Le gouvernement profite de l’été pour s’attaquer à notre protection sociale avec deux projets de décrets :

– le premier prévoit d’accélérer le déremboursement de certains médicaments, des transports sanitaires et des consultations chez les chirurgiens-dentistes

– le second vise à doubler les plafonds des participations forfaitaires et des franchises médicales qui passeraient donc à 100 € chacun, soit un reste à charge pouvant atteindre 200 € pour les assurés sociaux.

Le gouvernement veut faire des économies, des millions de personnes vont devoir payer davantage pour se soigner ou renoncer aux soins faute de moyens. On sait que cela entraîne à terme une aggravation des pathologies, davantage d’hospitalisations et des coûts encore plus importants pour la collectivité.

Les chiffres sont pourtant alarmants : 80% des personnes interrogées pour un sondage de la Fédération hospitalière de France déclarent avoir déjà renoncé à au moins un soin en 2025, dont près de la moitié en raison d’un coût trop élevé ou d’un remboursement insuffisant.

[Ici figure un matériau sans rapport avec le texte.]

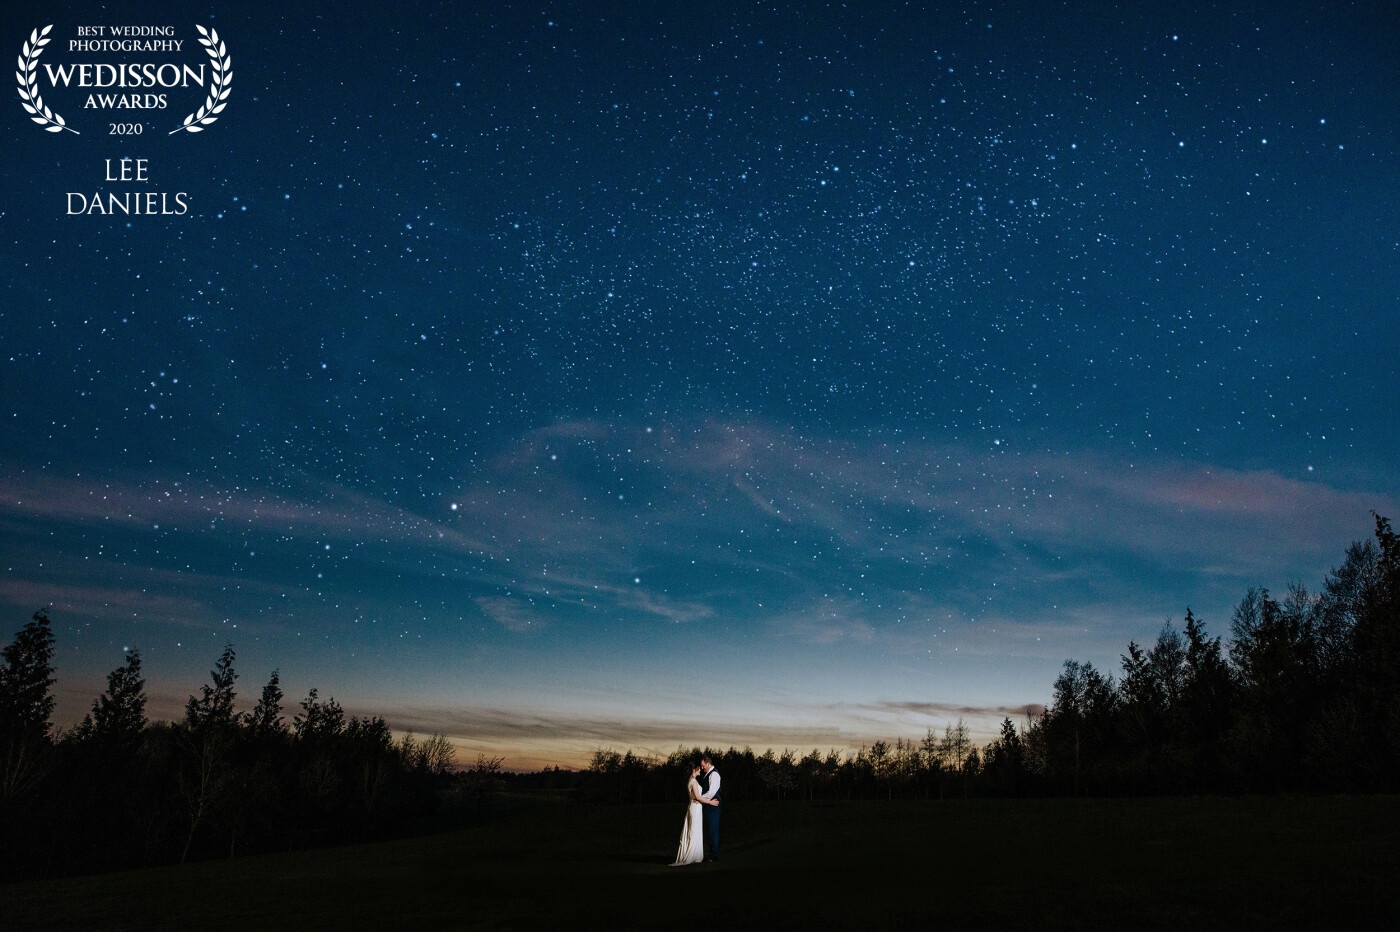 Golf courses have their benefits for wedding venues, the open space is great for after dark portraits. I found this composition that I like with the trees adding some texture to the image. I pulled out some stars with long exposure and a low powered burst of flash on Emma & Glenn made them pop.

Plutôt que de répondre à cette urgence sociale, le gouvernement choisit d’aggraver encore la situation. Les complémentaires santé trouveront là un prétexte de plus pour augmenter leurs cotisations. Insupportable quand on sait que plus de 1,6 million de retraités ont déjà renoncé à une complémentaire santé en raison de son coût.

Pendant ce temps, les salaires et pensions stagnent, le pouvoir d’achat recule et les restes à charge augmentent.

La Sécurité sociale ne souffre pas d’un excès de dépenses. Les assurés sociaux ne se soignent pas par confort ou par plaisir, mais parce qu’elles et ils en ont besoin. Le véritable problème réside dans le manque de recettes : comment accepter que près de 80 milliards d’euros d’exonérations de cotisations sociales soient accordées chaque année aux entreprises tandis que l’on demande toujours plus d’efforts aux retraités, aux sala­riés et aux malades ? L’argent existe, la question est celle de son utilisation et de son partage.

La CGT refuse une société où l’on sacrifie la santé, la protection sociale et les services publics au nom de l’austérité, que les malades soient une nouvelle fois mis à contribution, et que l’accès aux soins devienne un privilège réservé à celles et ceux qui en ont les moyens.

Il faut se battre pour une Sécurité sociale financée à la hauteur des besoins de la population, le développement des services publics de santé, le maintien et le renforcement du remboursement des soins et une véritable politique de justice sociale et de solidarité.

La Sécurité sociale est notre bien commun. Elle n’est ni une charge ni un coût, elle est un investissement pour la dignité, la santé et l’égalité.